### Supplied information ###

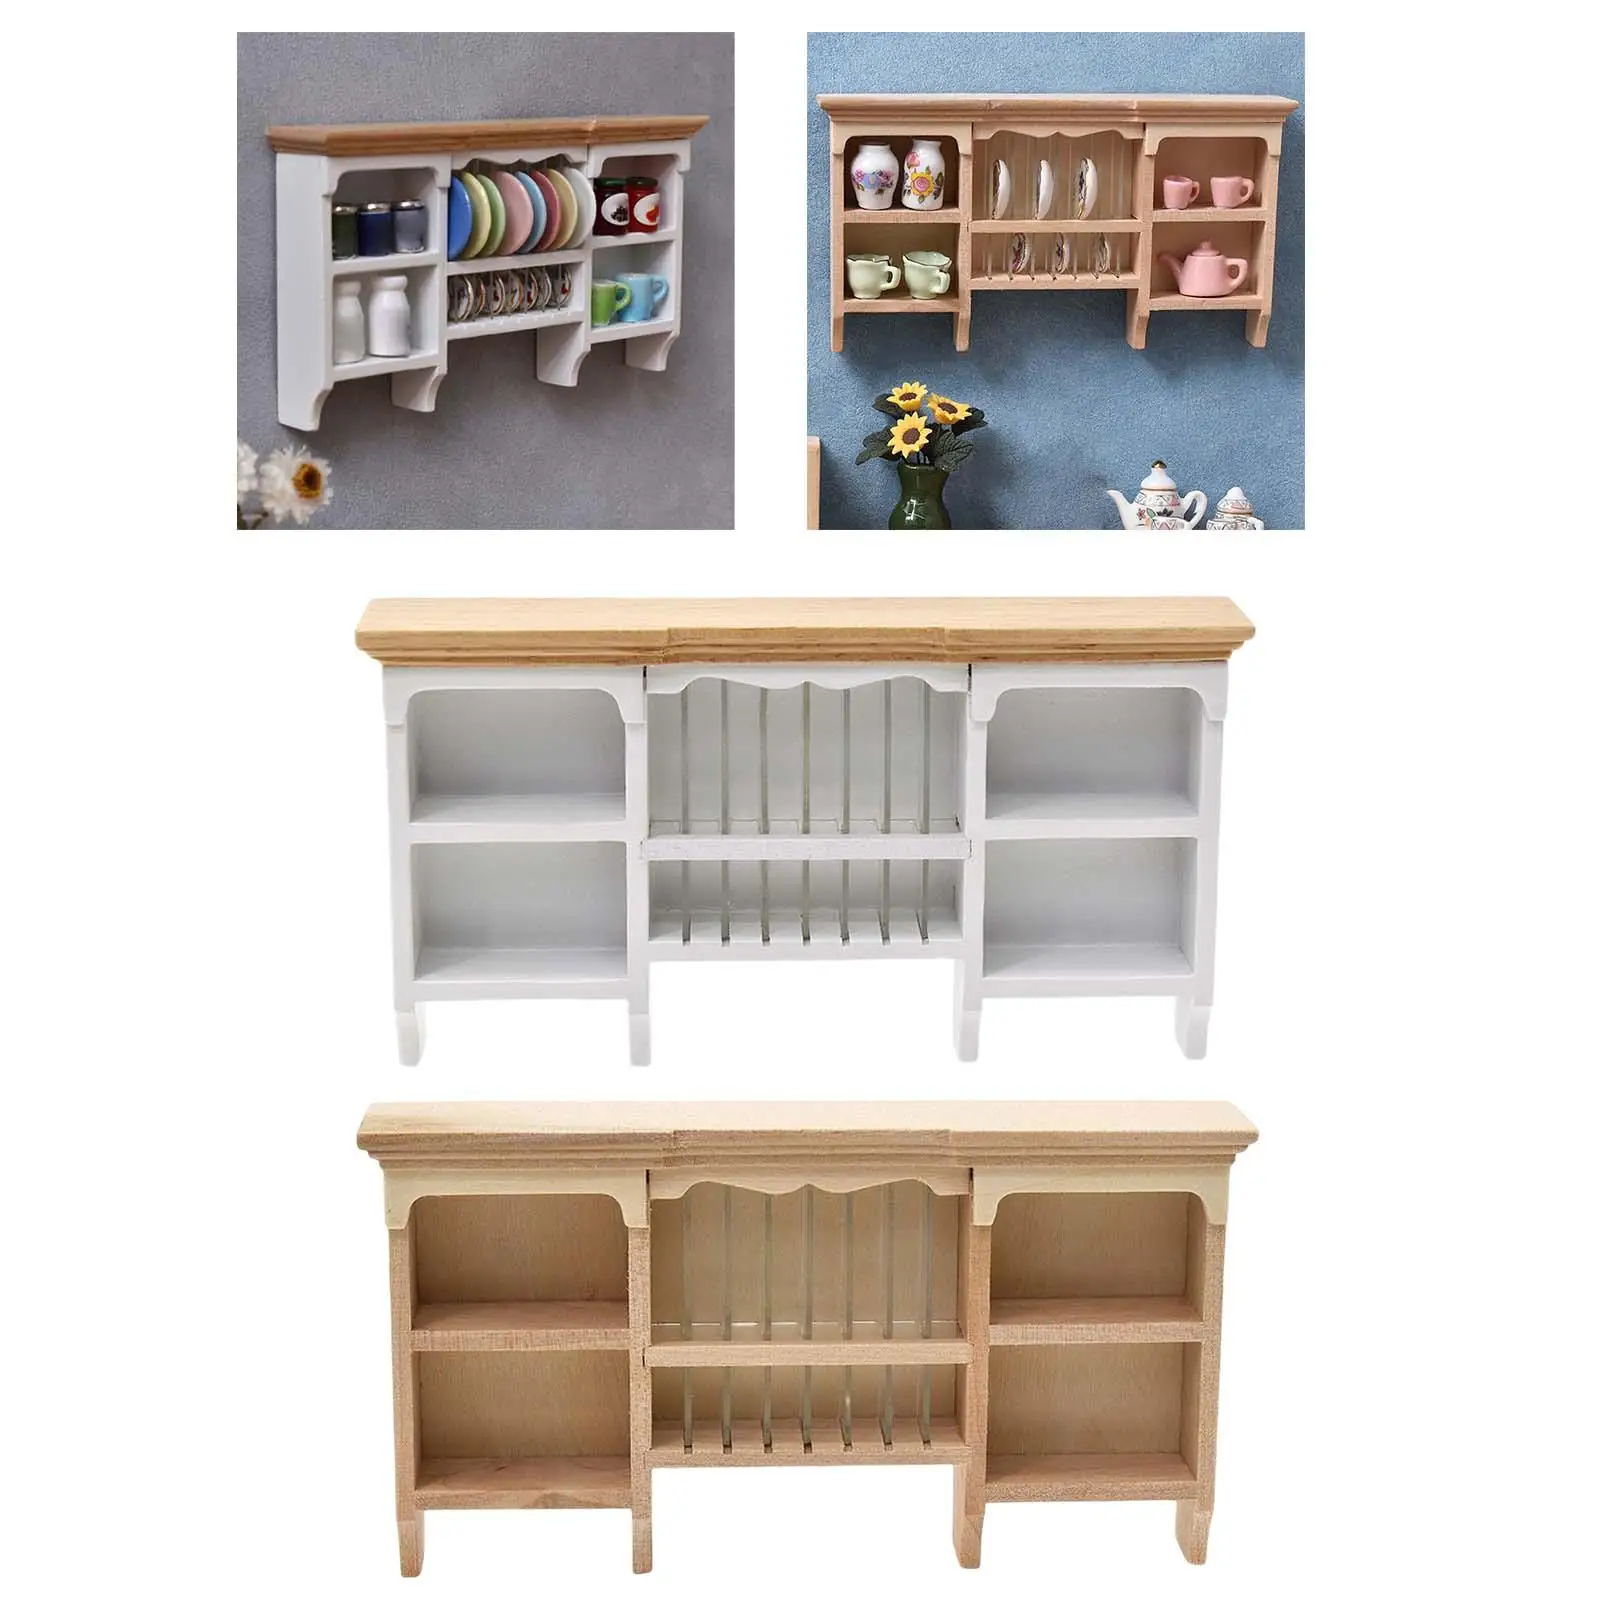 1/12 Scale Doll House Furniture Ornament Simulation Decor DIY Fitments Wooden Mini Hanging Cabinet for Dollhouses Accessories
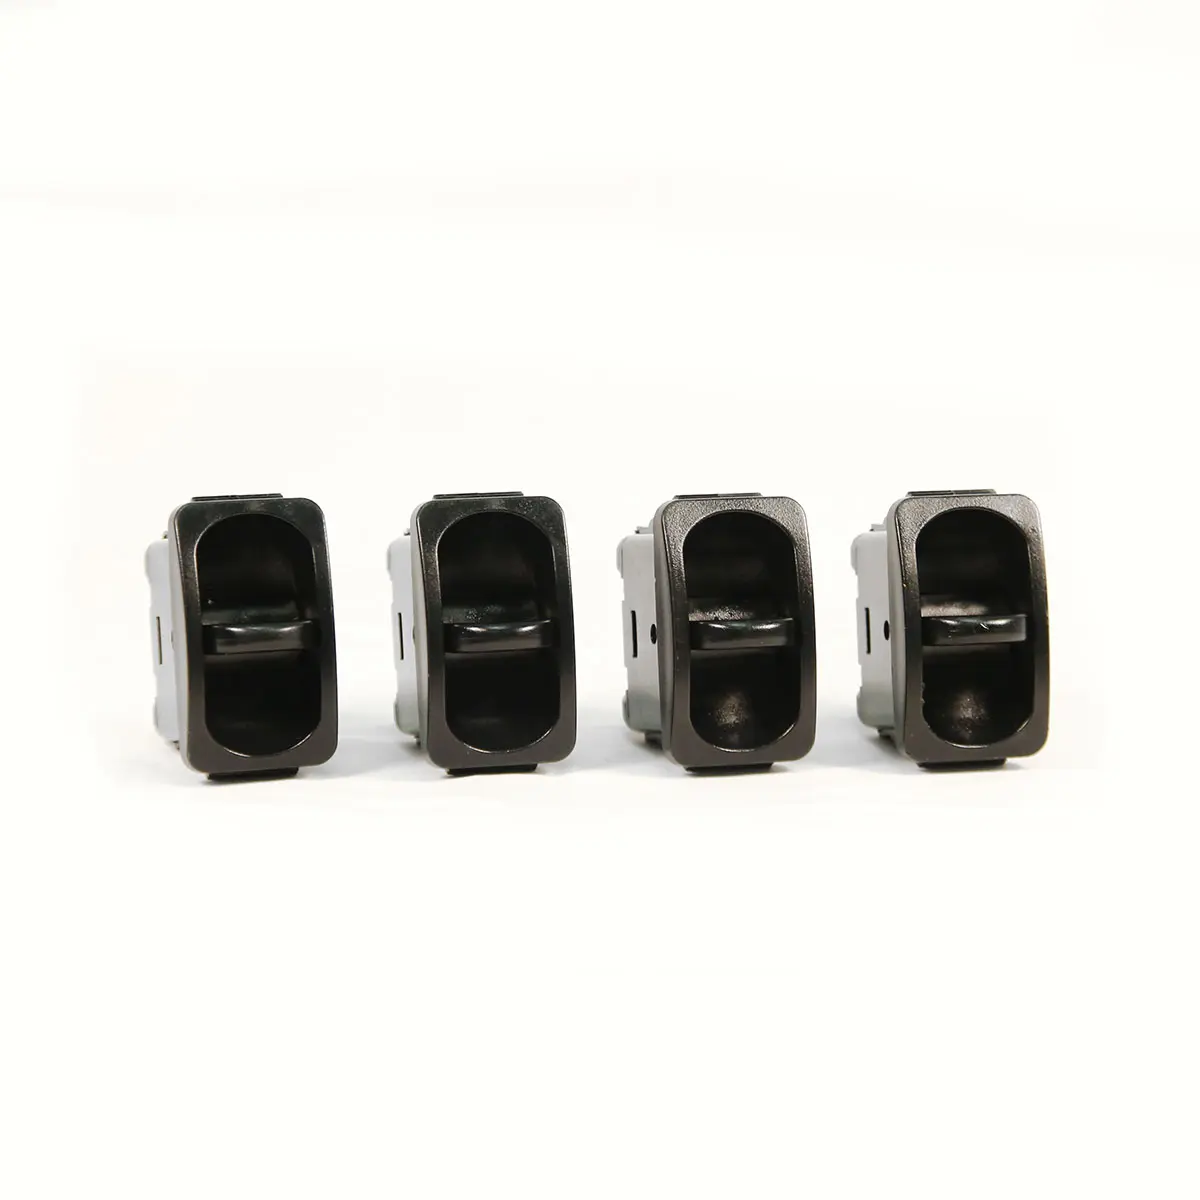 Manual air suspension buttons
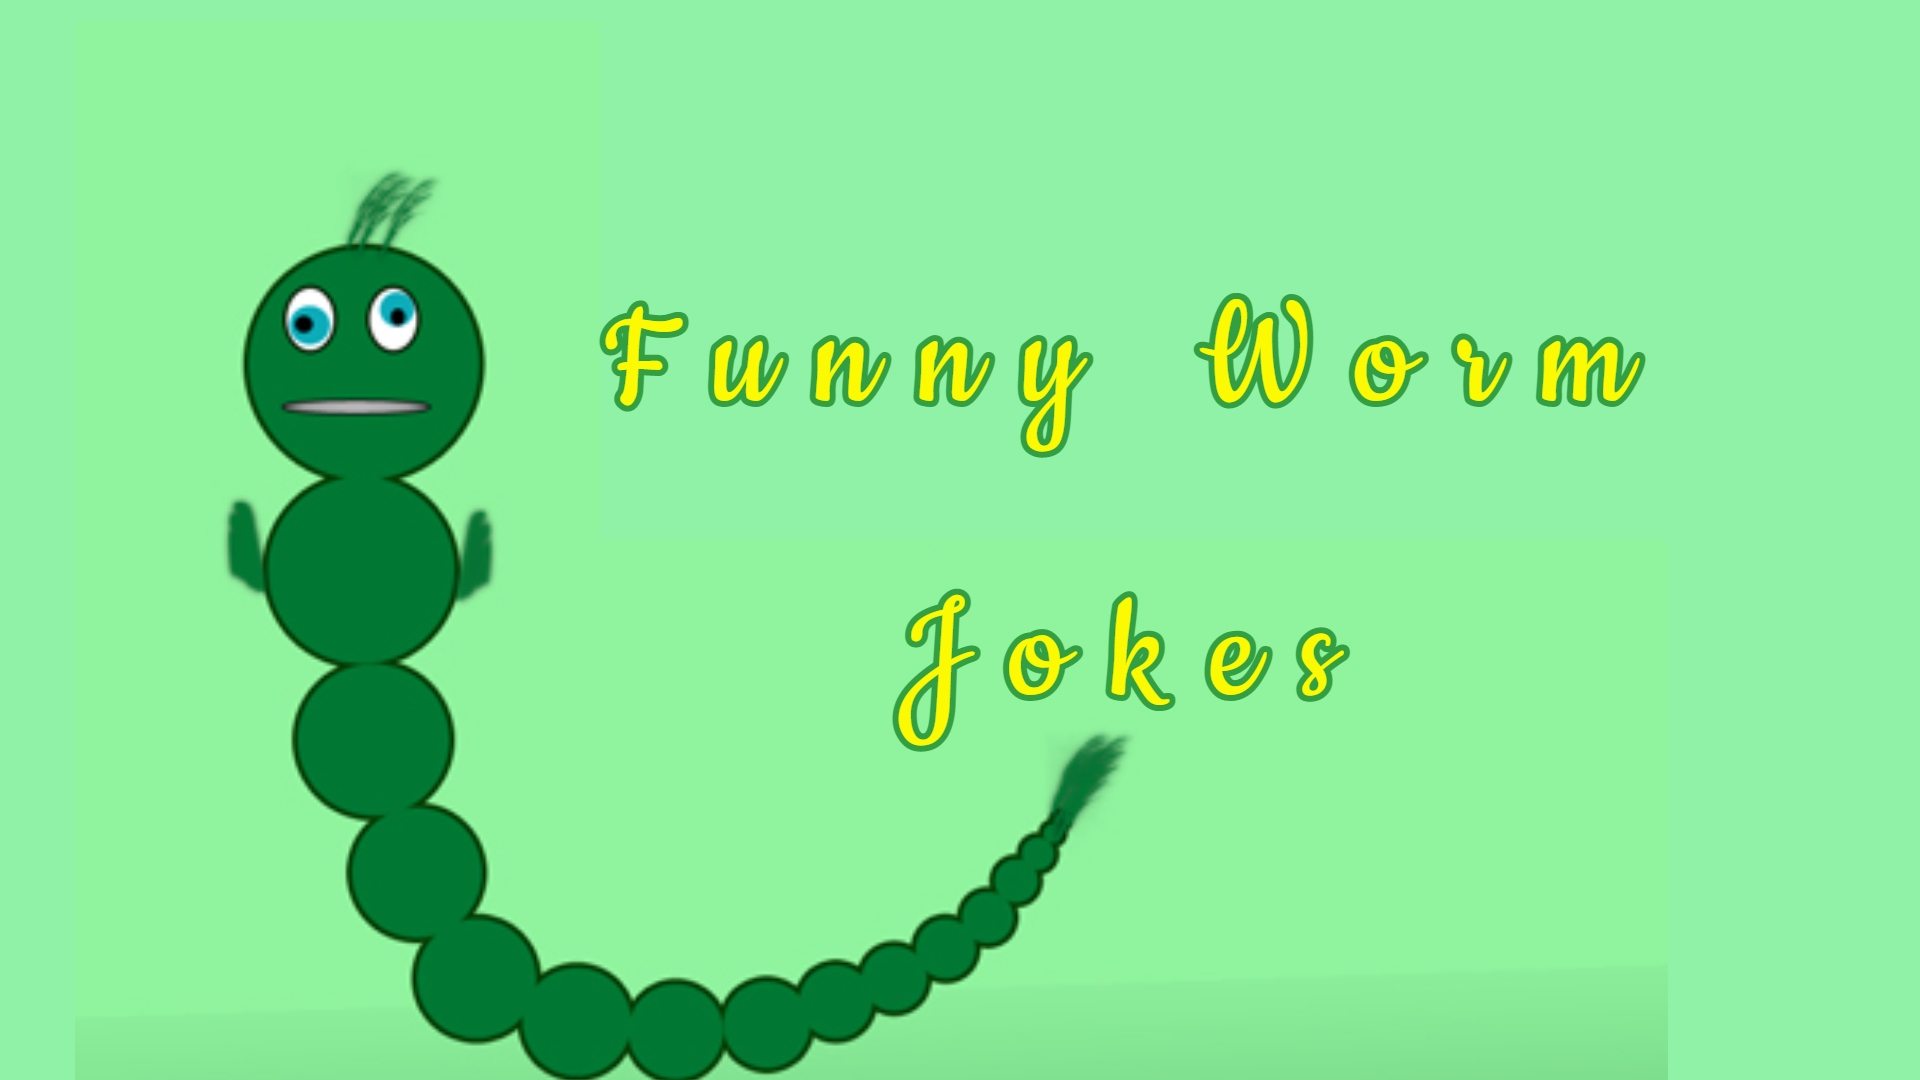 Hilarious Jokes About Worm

###

-- Directions for this task --
Please copy the data above exactly; the pictures do not belong in the copy.

-- Final answer --
 1/12 Scale Doll House Furniture Ornament Simulation Decor DIY Fitments Wooden Mini Hanging Cabinet for Dollhouses Accessories
 Manual air suspension buttons
 Hilarious Jokes About Worm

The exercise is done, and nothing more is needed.